Although Mr. Jennings may not use a habeas action to pursue claims regarding his conditions of confinement, for screening purposes only, the Court finds that his allegations raise potentially viable Eighth Amendment violations. The Eighth Circuit has advised that the better practice in this situation is to obtain consent from a pro se litigant before converting a proposed habeas action to a civil rights action. Spencer, 774 F.3d at 471.
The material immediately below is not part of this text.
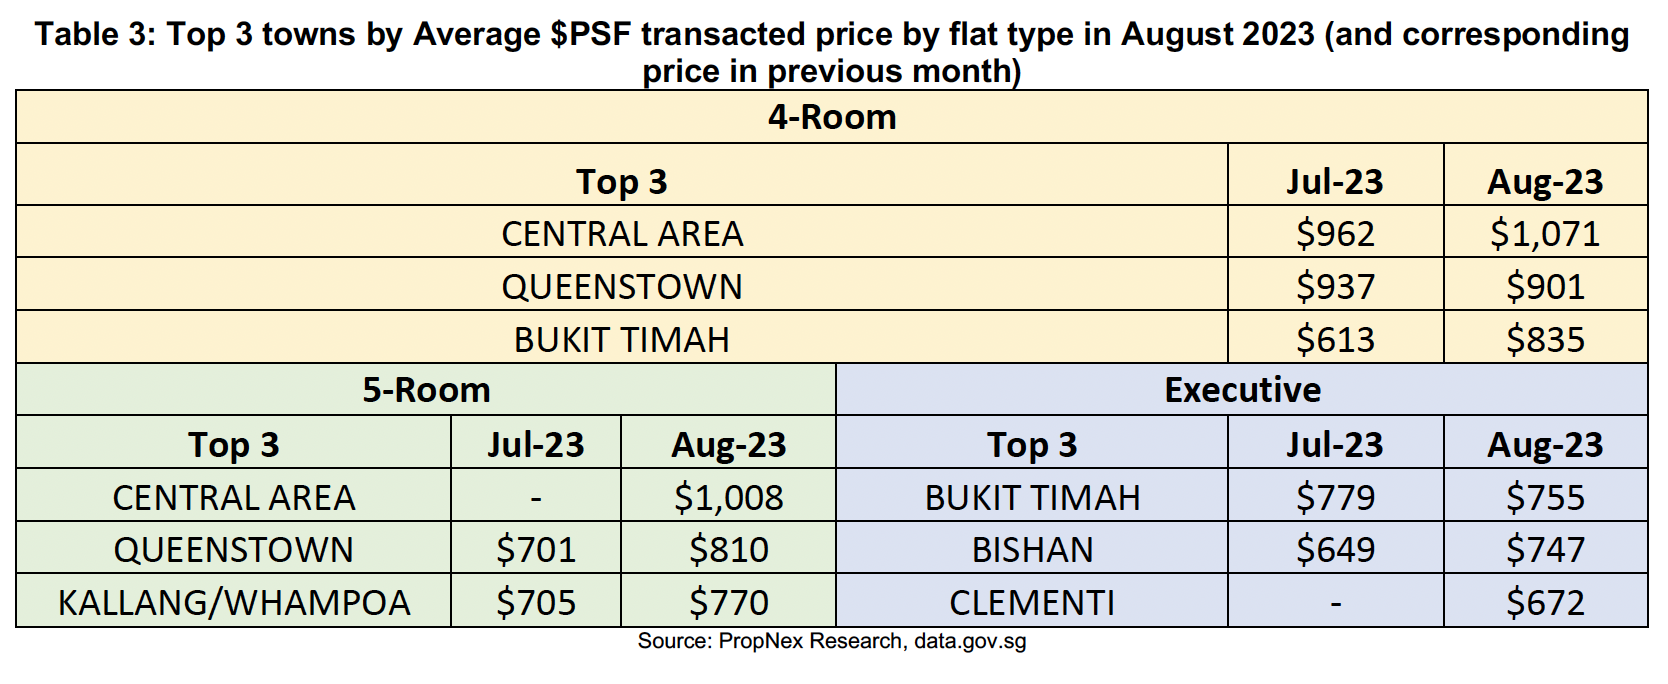 Top 3 towns by average PSF transacted price by flat type in August 2023

IT IS THEREFORE ORDRED that:
(1) If Mr. Jennings consents to converting this case from a habeas action to a prison conditions action pursuant to Bivens, he should file notice (a simple statement), on or before Monday, June 20, 2022, that he consents to the conversion.
If Mr. Jennings fails to consent to the conversion the Court will recommend that his habeas claim be dismissed.
(2) If Mr. Jennings files timely notice of his consent, the Court will then consider his pending application to proceed in forma pauperis. Doc. 6.
Even though Mr. Jennings has paid the filing fee for a habeas petition (Doc. 5), if he elects to convert this case to a prison conditions action, he must comply with the filing fee requirement for prisoner cases, which requires him to pay $350. Although this amount may be paid in installments, the entire amount must be paid, even if the case is dismissed before trial.